CPP flow -> for cutlass

follow these steps to do this

#clone sycl-tla
git clone https://github.com/intel/sycl-tla.git
#clone the ValGenAgent repo
git clone https://github.com/pramodkumar-habanalabs/ValGenAgent.git
#go in the ValGenAgent repo
cd ValGenAgent
#make a directory for context lets name it temp_cutlass
mkdir input_dirs/code/context_flashattention_decode
#put the files required in the temp cutlass folder
cp /home/sdp/QA/sycl-tla/test/unit/flash_attention/flash_attention_decode/flash_decode_testbed_3x.hpp input_dirs/code/context_flashattention_decode
cp /home/sdp/QA/sycl-tla/test/unit/flash_attention/flash_attention_decode/xe_flash_decode_bf16_fp32_fp32_h64_512_nonpaged.cpp input_dirs/code/context_flashattention_decode

Now set the variables for cutlass building and execution work flow

#set the variables for cutlass use case for build
source /opt/intel/oneapi/setvars.sh

export CC=icx
export CXX=icpx
export CUTLASS_SYCL_PROFILING_ENABLED=ON
export ONEAPI_DEVICE_SELECTOR=level_zero:gpu
export CMAKE_BUILD_TYPE=Release
export IGC_VISAOptions="-perfmodel"
export IGC_VectorAliasBBThreshold=100000000000
export IGC_ExtraOCLOptions="-cl-intel-256-GRF-per-thread"
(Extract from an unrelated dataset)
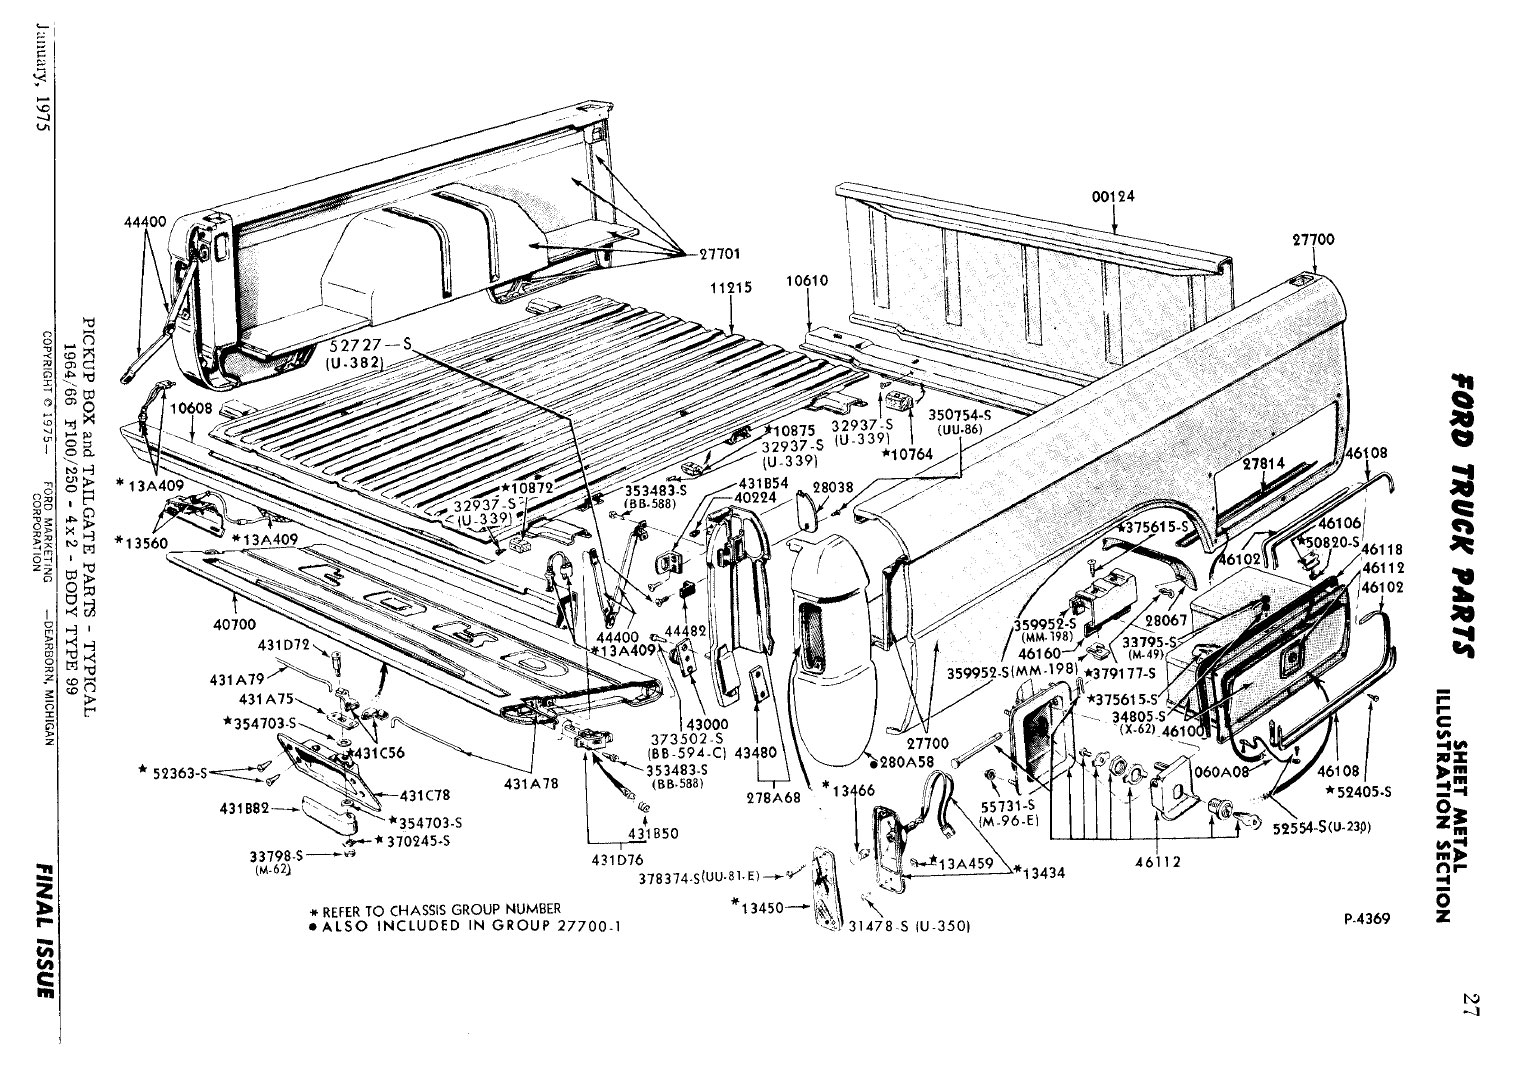 68 F100 Bedside Toolbox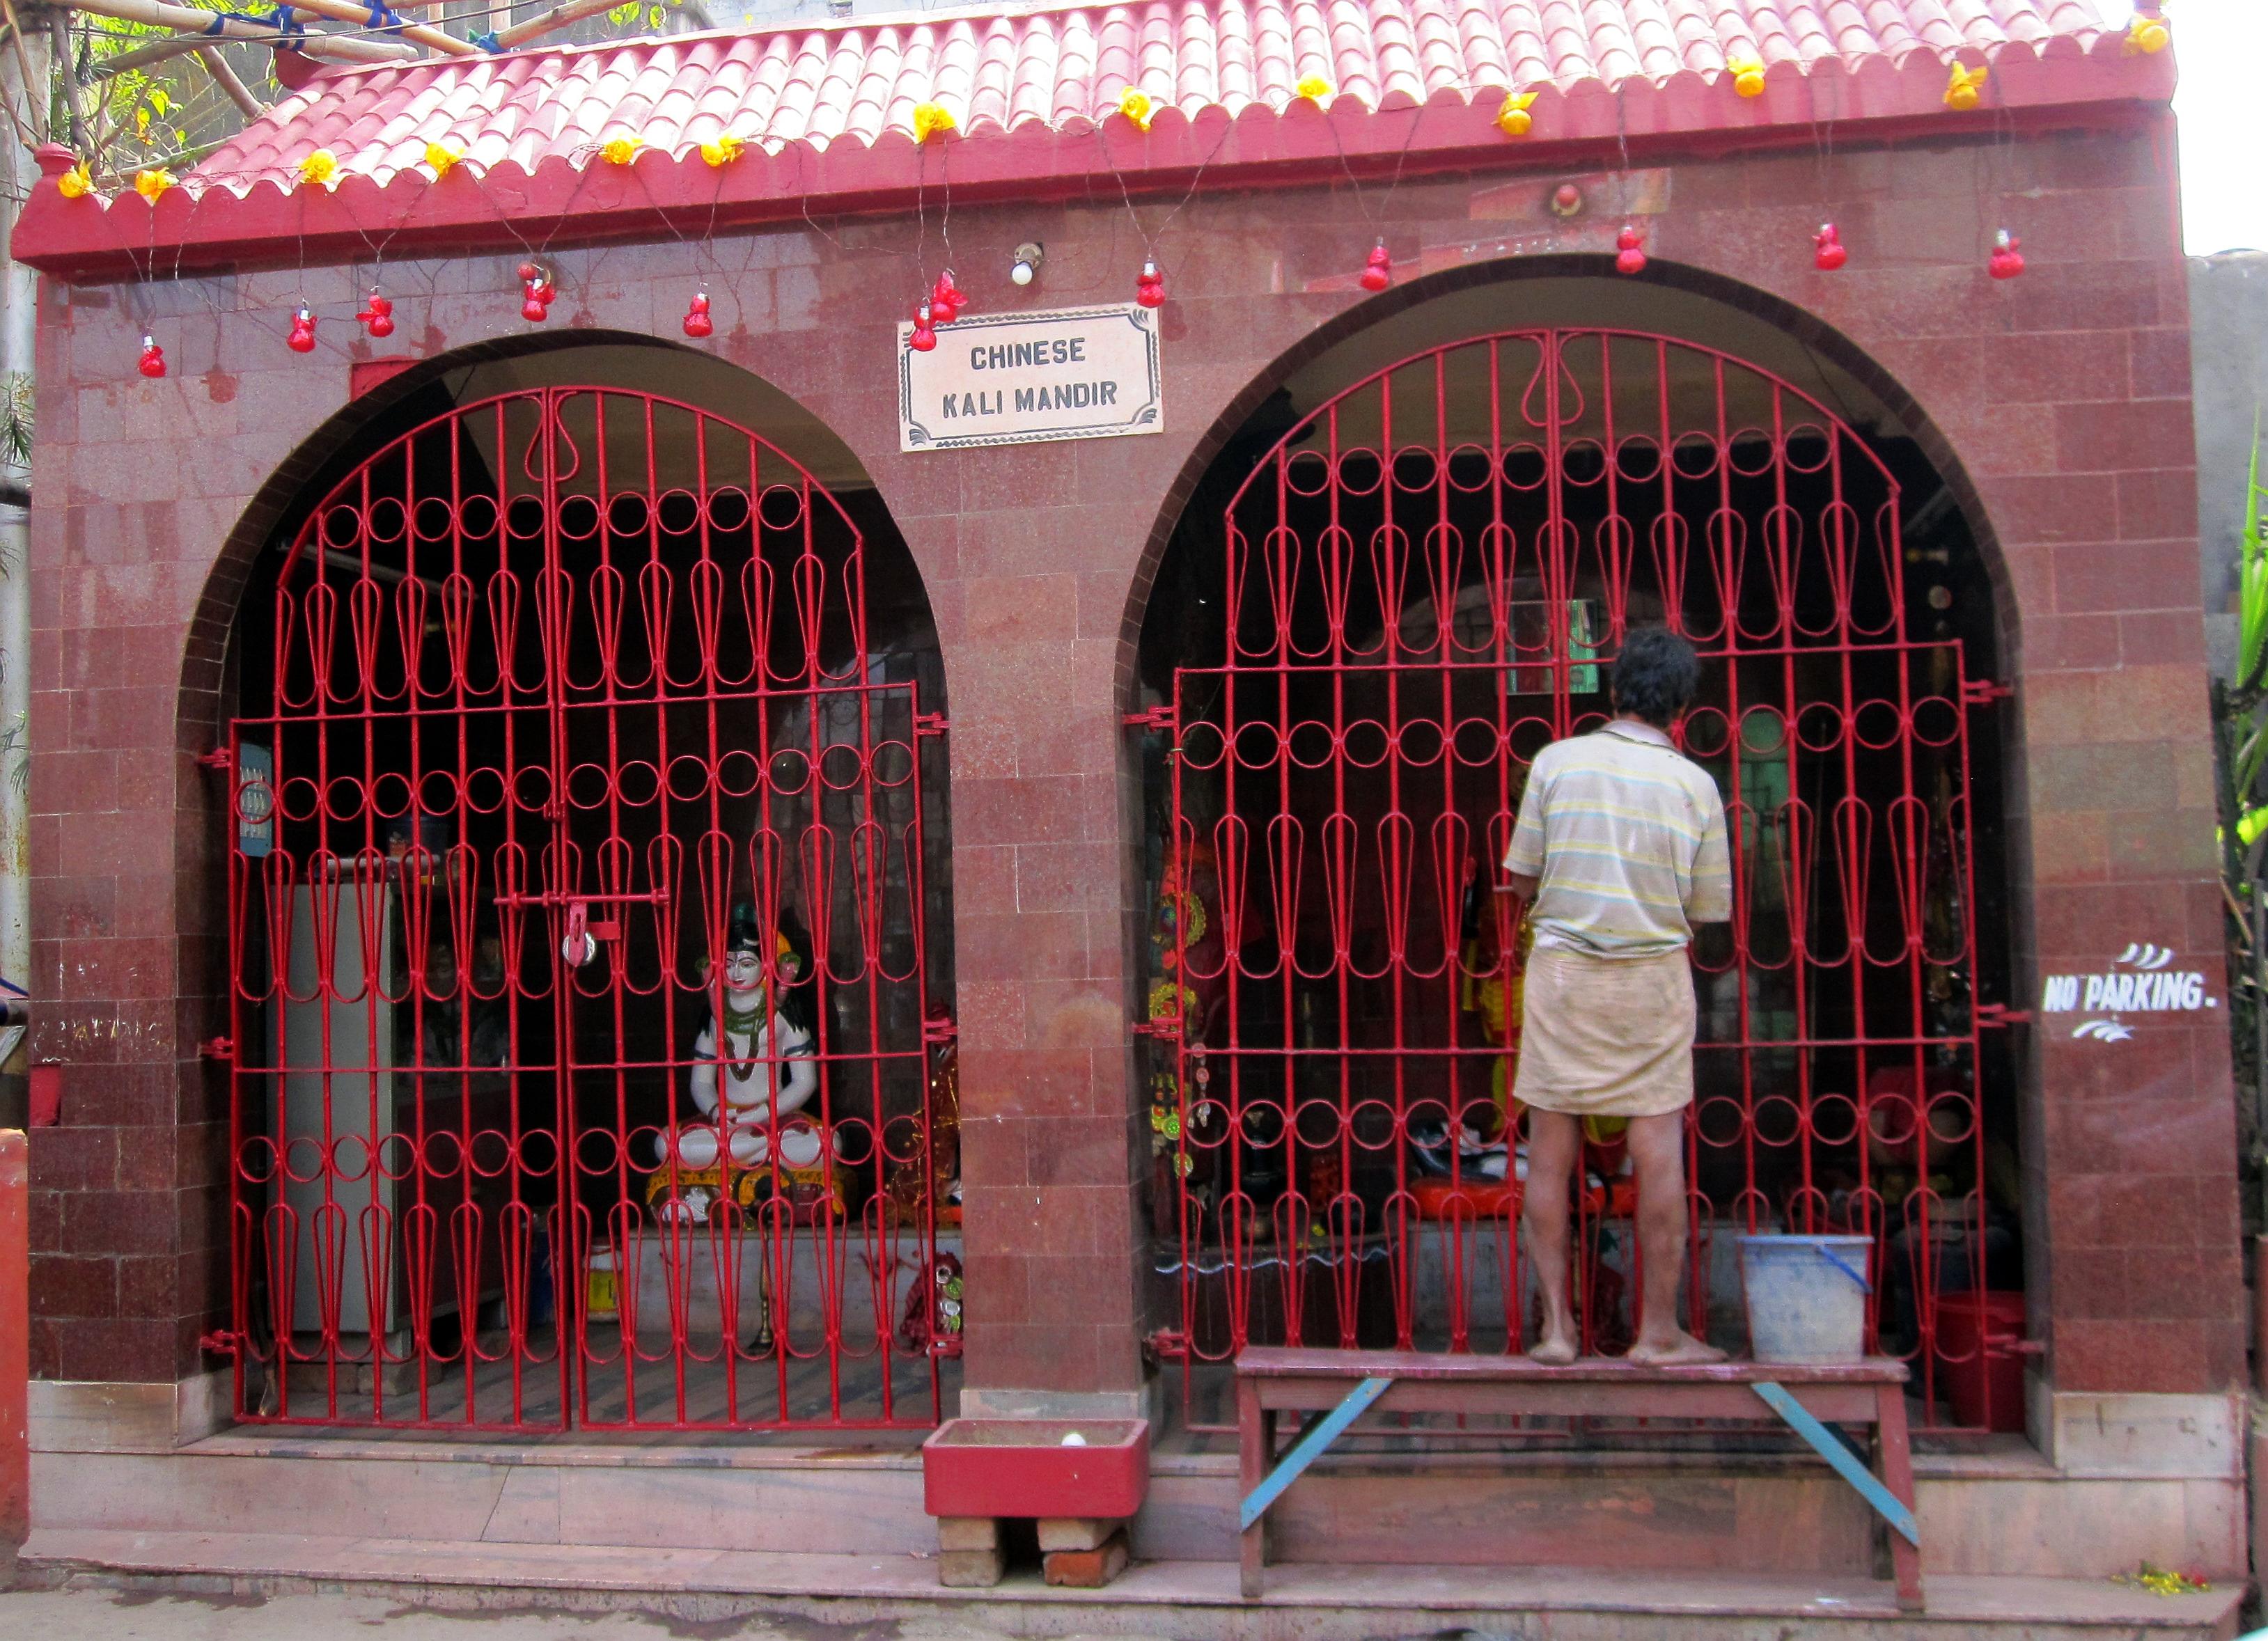 Kinesiskt Kali tempel. ©Zac O'Yeah

# Persist environment variables to following steps **Important step because if its empty or shows error, setup is incomplete or variables not set properly
sycl-ls

Now make changes in the cmake for having the build dependencies defined correctly

#For the case where the ninja build command is 'ninja cutlass_test_unit_flash_attention_decode_ai' we will do the add the following in the cmake

cutlass_test_unit_add_executable(
  cutlass_test_unit_flash_attention_decode_xe_ai
  xe_flash_decode_generated.cpp
)

add_custom_target(
  cutlass_test_unit_flash_attention_decode_ai
  cutlass_test_unit_flash_attention_decode_xe_ai
)

Now run the agent using the following command

python test_runner.py --test_plan template_input_file/cutlass_flash_attention_decode.json --output_dir /home/sdp/QA/sycl-tla/test/unit/flash_attention/flash_attention_decode/ --prompt_path prompts/cutlass/flash_attention --build --build_dir /home/sdp/QA/sycl-tla/build --build_cmd 'ninja cutlass_test_unit_flash_attention_decode_ai' --add_context_dir input_dirs/code/context_flashattention_decode --execute_cpp --execute_dir /home/sdp/QA/sycl-tla/build/test/unit/flash_attention/flash_attention_decode/

Property Graph RAG and Vector DB RAG

The framework provides flexible options for building and querying retrieval-augmented generation (RAG) databases — either through a Vector Database (Vector DB) or a Property Graph Database (Property Graph RAG).
Both serve different purposes and can be chosen based on the nature of your data, the relationships involved, and the retrieval requirements.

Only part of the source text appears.